Dive Transient:
- School members of Columbia College and Columbia-affiliated Barnard School acquired textual content messages from the U.S. Equal Employment Alternative Fee asking them to finish a survey inquiring about whether or not they’re Jewish or Israeli, a number of information shops reported April 23.
- In line with a screenshot of a message posted by CNN, EEOC stated responses to the survey can be stored confidential “to the extent allowed by regulation.” The screenshot stated EEOC was conducting an inquiry into Barnard School and that, ought to the company discover that the faculty violated legal guidelines enforced by EEOC, among the data of respondents could also be disclosed.
- In an e mail to HR Dive, EEOC declined to substantiate that it had despatched the messages. Columbia, in a separate e mail, declined to substantiate that workers had acquired messages from EEOC.
Dive Perception:
Federal officers have scrutinized Columbia following a collection of on-campus protests in 2024. In August of that yr, Rep. Virginia Foxx, R-N.C., and former chairwoman of the Home Committee on Training and the Workforce, issued a number of subpoenas to Columbia leaders as a part of an investigation into antisemitism on the college and whether or not the protests had created a hostile surroundings in violation of the 1964 Civil Rights Act.
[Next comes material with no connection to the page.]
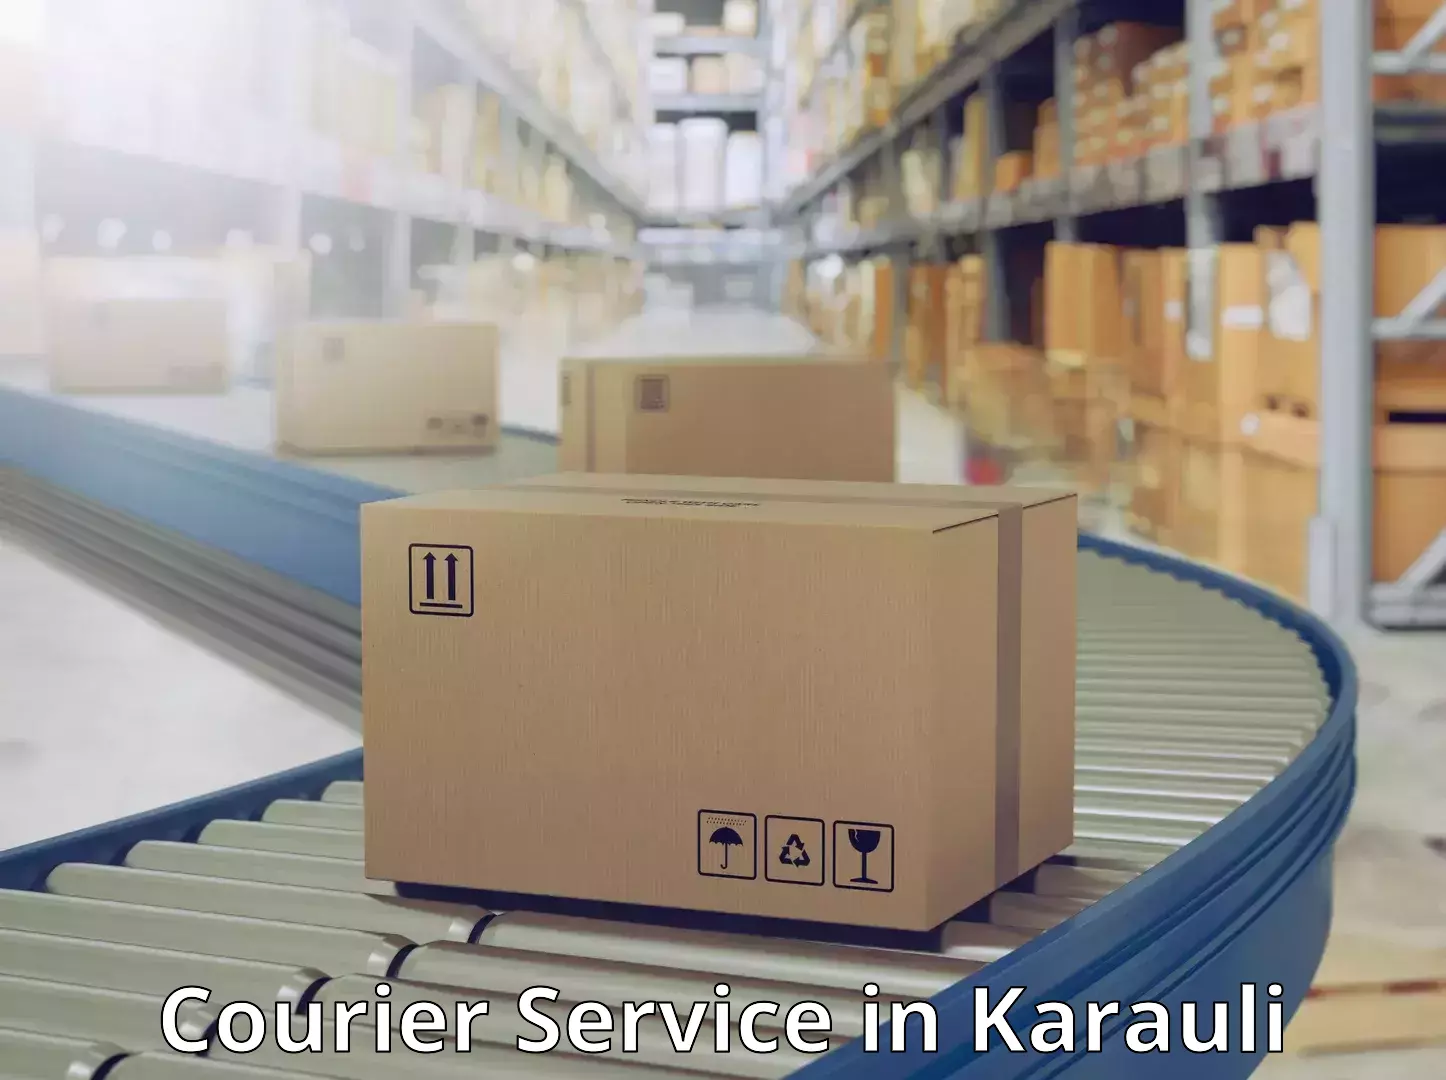 Flexible delivery schedules in Karauli

Final month, EEOC Performing Chair Andrea Lucas issued a press release by which she pledged to carry universities and schools accountable for office antisemitism. Lucas’ assertion didn’t identify any particular establishments, but it surely did cite “disruptive and violent protests in violation of campus insurance policies” for example of extreme or pervasive antisemitic conduct that would violate Title VII of the Civil Rights Act.
“Beneath the guise of selling free speech, many universities have really develop into a haven for antisemitic conduct, usually in violation of the colleges’ personal time, place, and method insurance policies, in addition to civil rights regulation,” Lucas stated within the March 5 assertion.
EEOC didn’t verify whether or not messages despatched to Columbia and Barnard school had been a part of an ongoing investigation into both establishment. “Per federal regulation, we can not touch upon investigations, nor can we verify or deny the existence of an investigation,” the company stated.
Equally, Columbia declined to touch upon a pending investigation, however a college official stated Columbia had informed employees that it gave “affected workers discover that the College was required to offer sure data in compliance with a subpoena. The College didn’t present the data voluntarily.”
Columbia didn’t reply to a request for touch upon whether or not it had suggested employees not to reply to EEOC’s messages.
Information of the inquiry drew criticism from one in every of EEOC’s administrative judges, Karen Ortiz, who despatched an all-staff e mail directed to EEOC Performing Chair Andrea Lucas.
Ortiz wrote that Lucas ought to contemplate resigning; in an interview with HR Dive, she stated the e-mail was in response to information of the textual content messages and different latest company actions, together with its resolution to abandon gender-identity discrimination litigation and halting some claims processing. She stated the survey arguably was not inside Lucas’ authority to ship and may very well be understood as an try and intimidate Columbia and Barnard.
“It’s a whole overreach,” Ortiz stated of the survey.